Here’s a little example of using Hadley Wickham’s testthat package for unit testing R code.
The function below computes the real roots of a quadratic. All that really matters for our purposes is that the function can return 0, 1, or 2 numbers and it could raise an error.
real.roots <- function(a, b, c)
{
if (a == 0.)
stop("Leading term cannot be zero")
d = b*b - 4*a*c # discriminant
if (d < 0)
rr = c()
else if (d == 0)
rr = c( -b/(2*a) )
else
rr = c( (-b - sqrt(d))/(2*a),
(-b + sqrt(d))/(2*a) )
return(rr)
}
To test this code with testthat we create another file for tests. The name of the file should begin with test so that testthat can recognize it as a file of test code. So let name the file containing the code above real_roots.R and the file containing its tests test_real_roots.R.
The test file needs to read in the file being tested.
source("real_roots.R")
Now let’s write some tests for the case of a quadratic with two real roots.

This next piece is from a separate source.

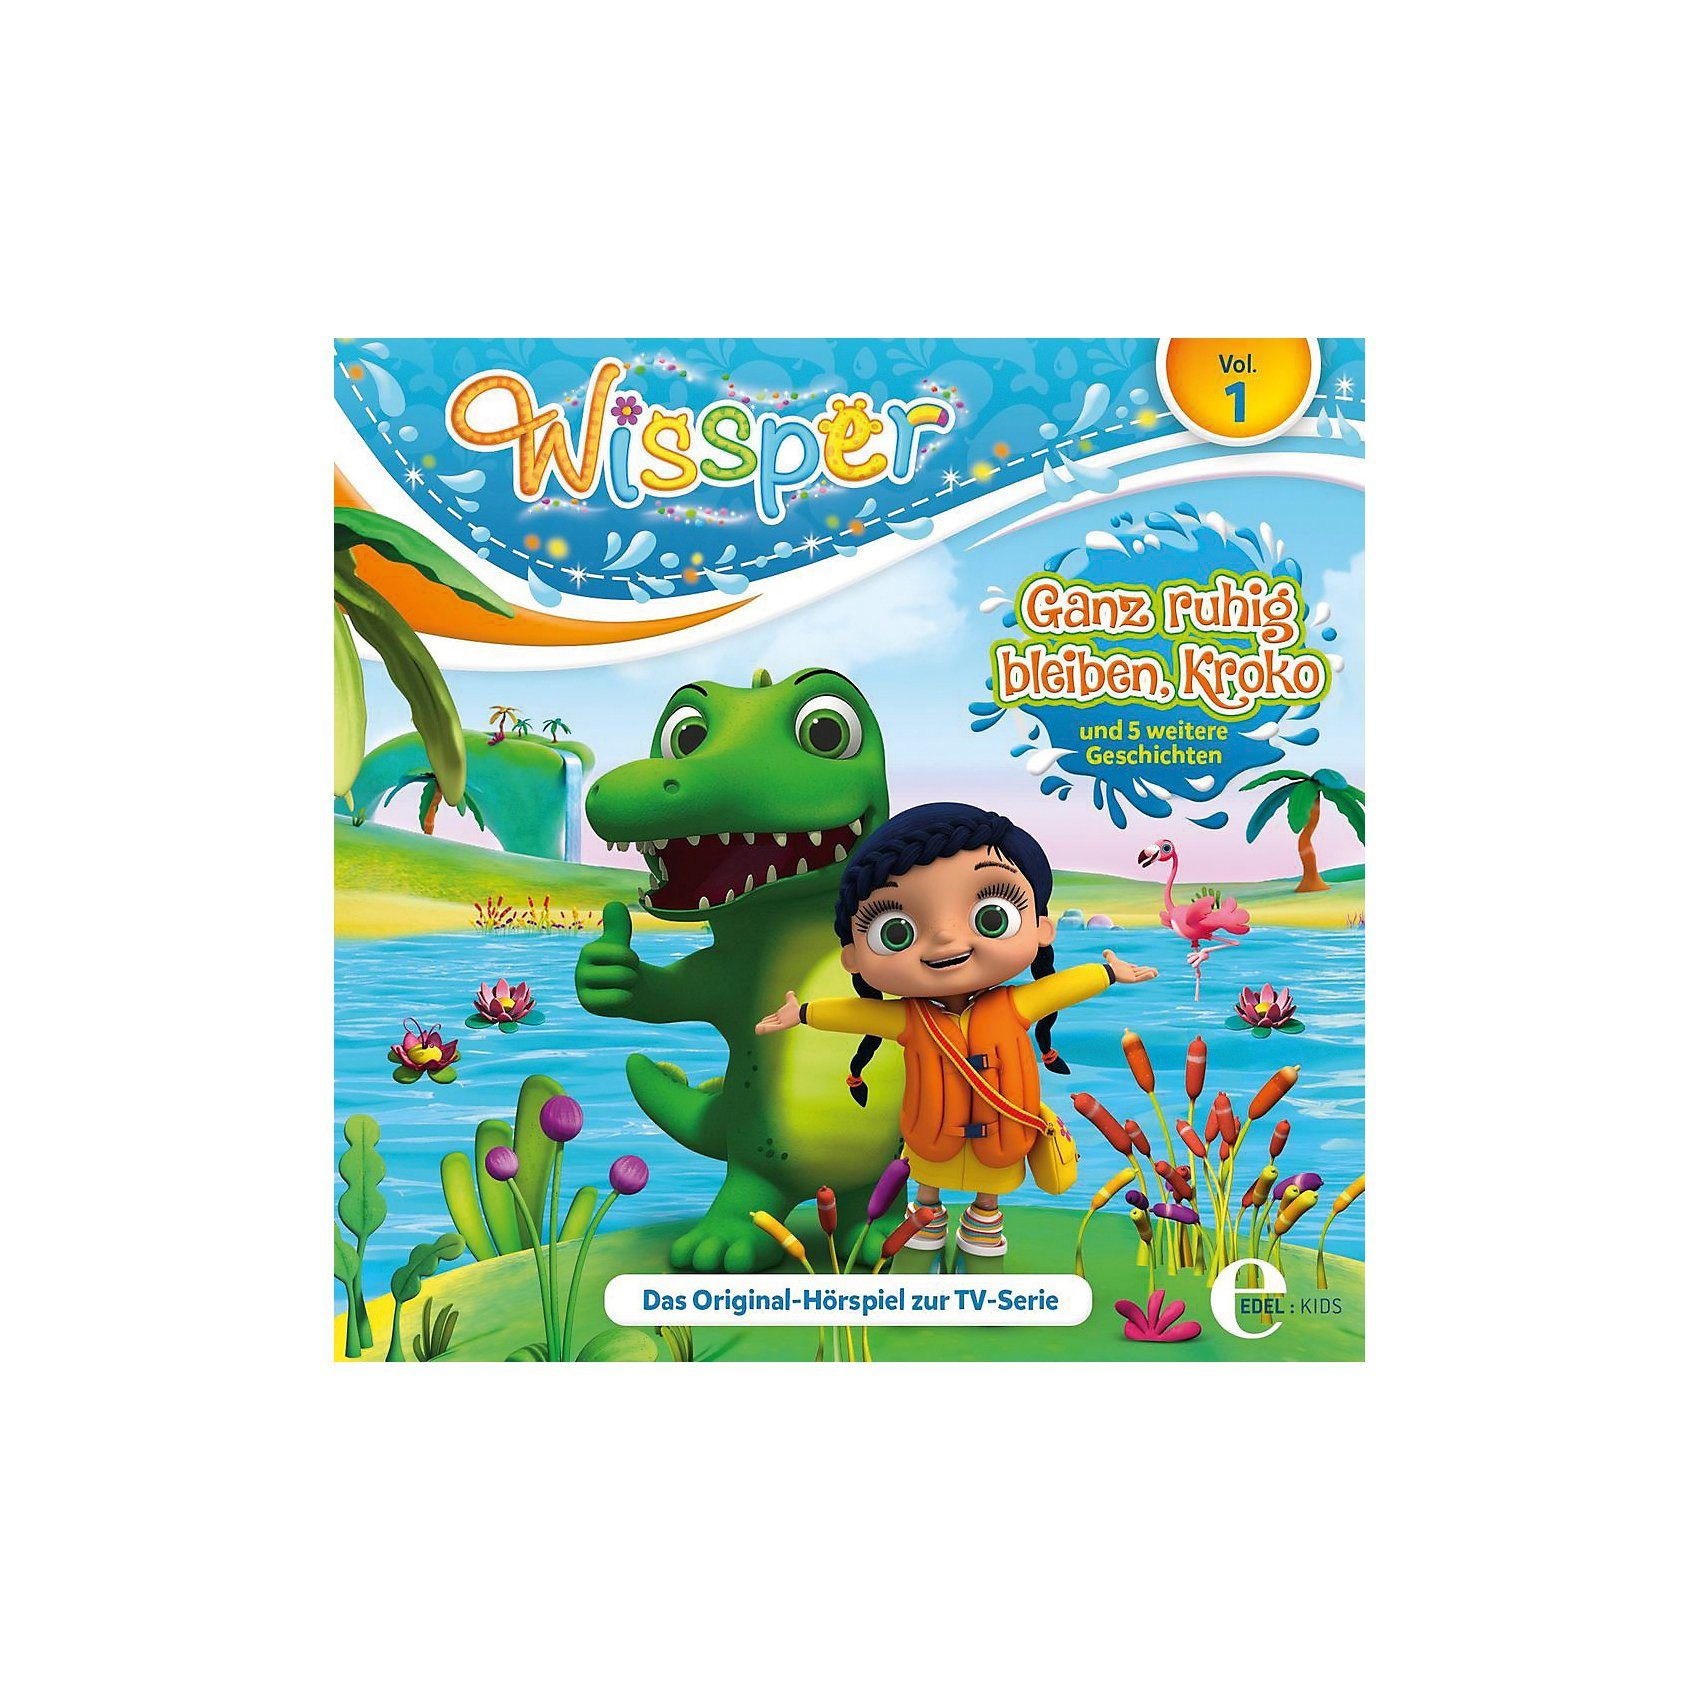 Edel CD Wissper 1 - Ganz Ruhig Bleiben, Kroko

test_that("Distinct roots", {
roots <- real.roots(1, 7, 12)
expect_that( roots, is_a("numeric") )
expect_that( length(roots), equals(2) )
expect_that( roots[1] < roots[2], is_true() )
})
This tests that we get back two numbers and that they are sorted in increasing order.
Next we find the roots of (x + 3000)2 = x2 + 6000x + 9000000. We’ll test whether we get back −3000 as the only root. In general you can’t expect to get an exact answer, though in this case we do since the root is an integer. But we’ll show in the next example how to test for equality with a given tolerance.
test_that("Repeated root", {
roots <- real.roots(1, 6000, 9000000)
expect_that( length(roots), equals(1) )
expect_that( roots, equals(-3000) )
# Test whether ABSOLUTE error is within 0.1
expect_that( roots, equals(-3000.01, tolerance = 0.1) )
# Test whether RELATIVE error is within 0.1
# To test relative error, set 'scale' equal to expected value.
# See base R function all.equal for optional argument documentation.
expect_equal( roots, -3001, tolerance = 0.1, scale=-3001)
})
To show how to test code that should raise an error, we’ll find the roots of 2x + 3, which isn’t a quadratic. Notice that you can test whether any error is raised or you can test whether the error message matches a given regular expression.
test_that("Polynomial must be quadratic", {
# Test for ANY error
expect_that( real.roots(0, 2, 3), throws_error() )
# Test specifically for an error string containing "zero"
expect_that( real.roots(0, 2, 3), throws_error("zero") )
# Test specifically for an error string containing "zero" or "Zero" using regular expression
expect_that( real.roots(0, 2, 3), throws_error("[zZ]ero") )
})
Finally, here are a couple tests that shouldn’t pass.
test_that("Bogus tests", {
x <- c(1, 2, 3)
expect_that( length(x), equals(2.7) )
expect_that( x, is_a("data.frame") )
})
To run the tests, you can run test_dir or test_file. If you are at the R command line and your working directory is the directory containing the two files above, you could run the tests with test_dir("."). In this case we have only one file of test code, but if we had more test files test_dir would find them, provided the file names begin with test.
* * *
I’m confused are you trying to demonstrate the sort of ambiguity that might lead to error by using
…
if d<0
rr = c()
etc
return(rr)
…whilst c() is globally a valid R command but here would seem to return NULL? Why not rr =NULL or better still never use c as a function argument?
I’m not saying that the code being tested is good code. That’s why I said “All that really matters for our purposes is that the function can return 0, 1, or 2 numbers and it could raise an error.”
The
real.rootscode could also have numerical precision problems ifbis very large relative toac.@Stephen, better then is to use double(0) than NULL or c() so the function always returns a “numeric”.
Thanks John. Examples are always easier to understand than instructions!
Nice page. You’ve got a dead link.
https://github.com/hadley/devtools/wiki/Testing is
http://r-pkgs.had.co.nz/tests.html
Thanks! I’ve updated it now.